Cato has now joined the Pacific Legal Foundation on an amicus brief
asking the Supreme Court to review that ruling. The lower court got it
wrong not just with respect to the right to earn a living, however, but
also on First Amendment grounds.
That is, interior design, as a form of artistic expression, is
historically protected by the First Amendment. Indeed, interior
designers are measured primarily on the value of their aesthetic
expression, not for any technical knowledge or expertise. This type of
artistry is a matter of taste, and the designer and client usually
arrive at the end result through collaboration and according to personal
preferences. Thus, the designer-client relationship has little in
common with traditionally regulated professions such as medicine, law
and finance, where bad advice can have real and far-reaching
consequences—but even then, the Supreme Court has emphasized the First
Amendment implications of placing “prior restraints” on expression
through burdensome licensing schemes.
Instead of following that precedent, however, the circuit court
carved out a constitutionally unprotected exception for “direct
personalized speech with clients.” Florida’s “public safety”

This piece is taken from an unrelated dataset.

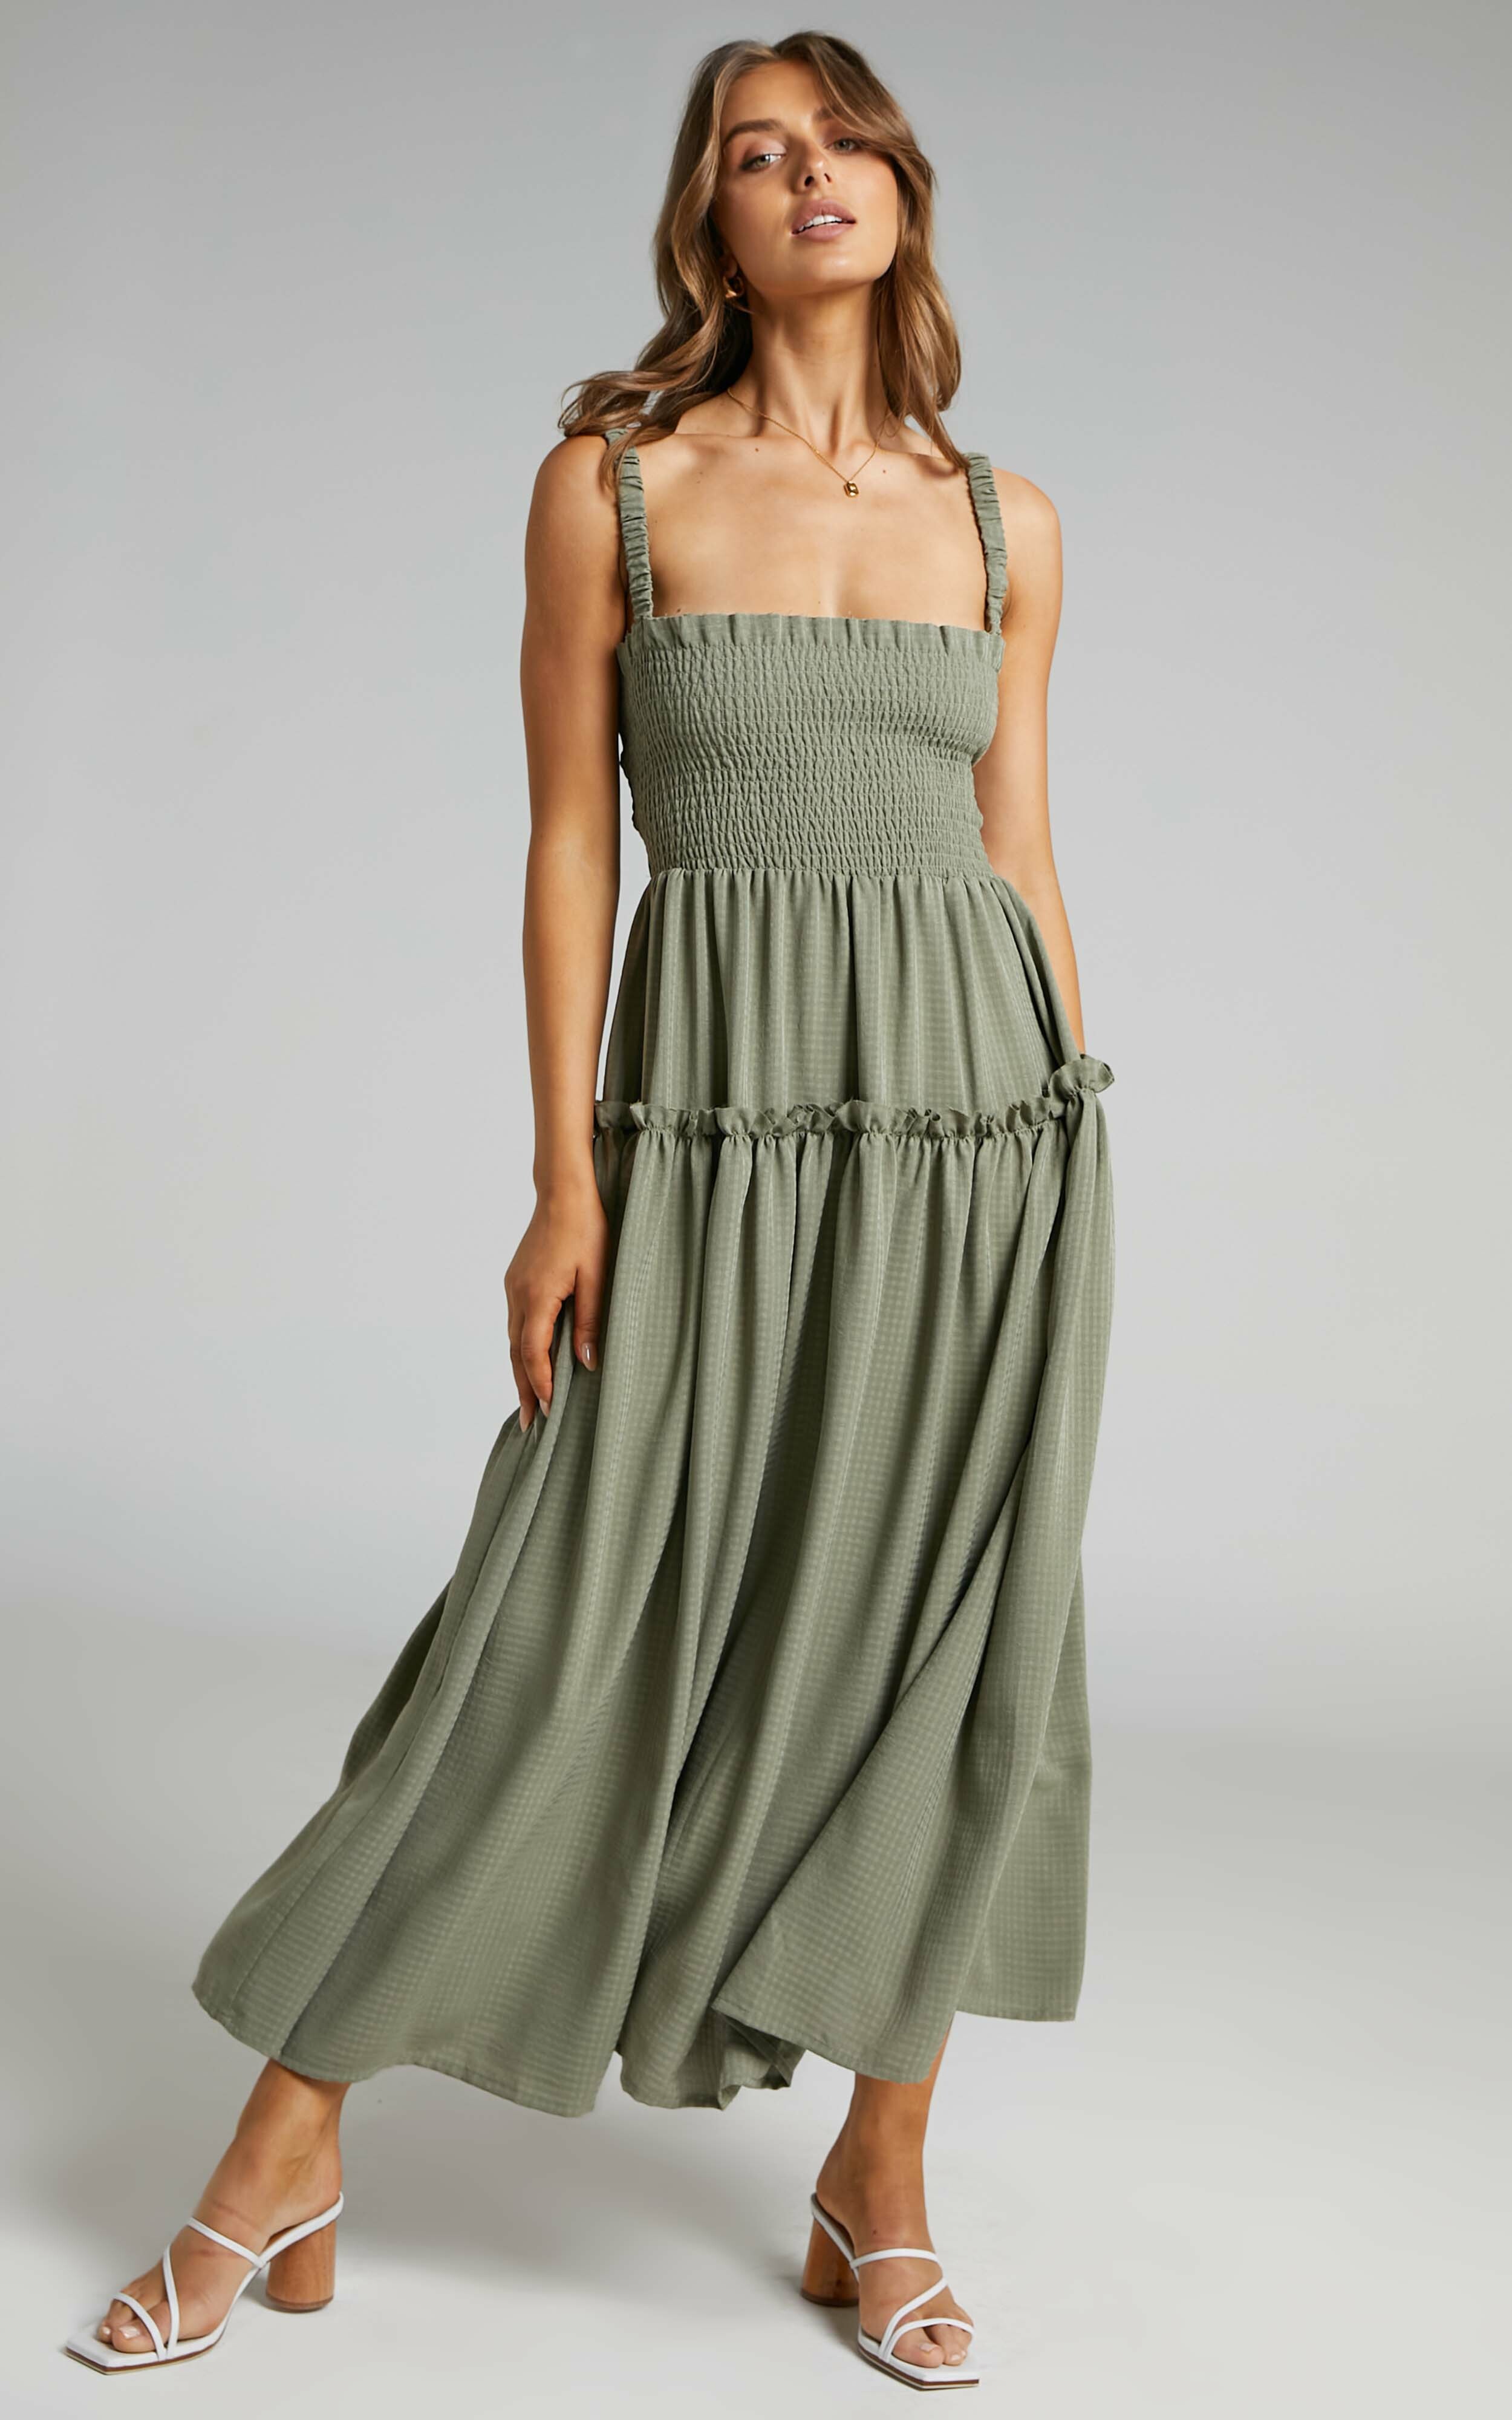 Khayeen Shirred Bodice Maxi Dress in Khaki - 04, GRN1, hi-res image number null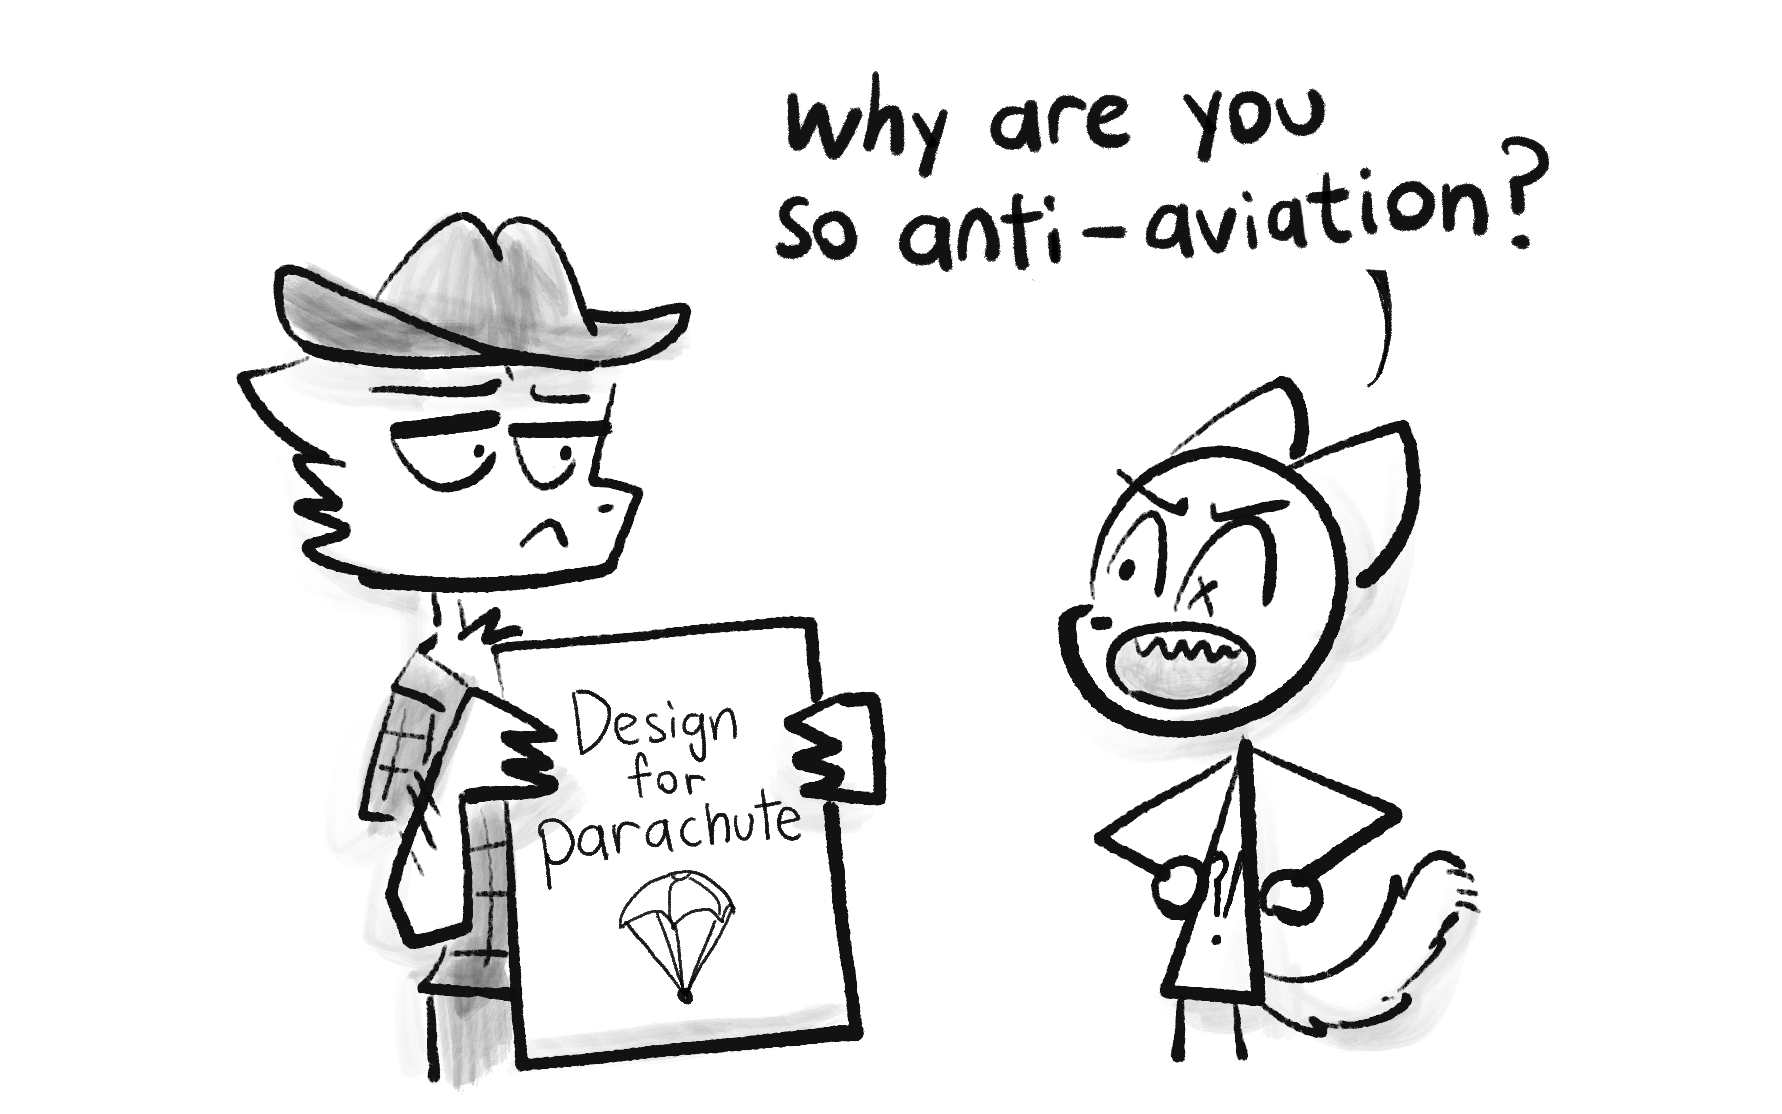 Comic. Sheriff Meowdy holds up a blueprint for a parachute design. Ham the Human retorts, annoyed: “Why are you so anti-aviation?”

justification is similarly weak, given that the state has presented no
evidence of any bona fide concerns that substantiate a burdensome
licensing scheme that includes six years of higher education and a
painstaking exam—instead relying on cursory allegations that, for
example, licensed designers are more adept at ensuring that fixture
placements do not violate building codes.
Finally, the Eleventh Circuit’s ruling disregarded the infinite array
of auxiliary occupations the Florida law subjects to possible criminal
sanctions: wedding planners, branding consultants, sellers of retail
display racks, retail business consultants, corporate art consultants,
and even theater-set designers could all get swept in. The state has
already taken enforcement actions against a wide spectrum of people who
are not interior designers, including office furniture dealers,
restaurant equipment suppliers, flooring companies, wall covering
companies, fabric vendors, builders, real estate developers, remodelers,
accessories retailers, antique dealers, drafting services, lighting
companies, kitchen designers, workrooms, carpet companies, art dealers,
stagers, yacht designers, and even a florist. This dragnet effect also
suggests that the law is too broad to survive constitutional scrutiny.
The Court will likely decide by the end of the year (or early 2012) whether to take this case of Locke v. Shore.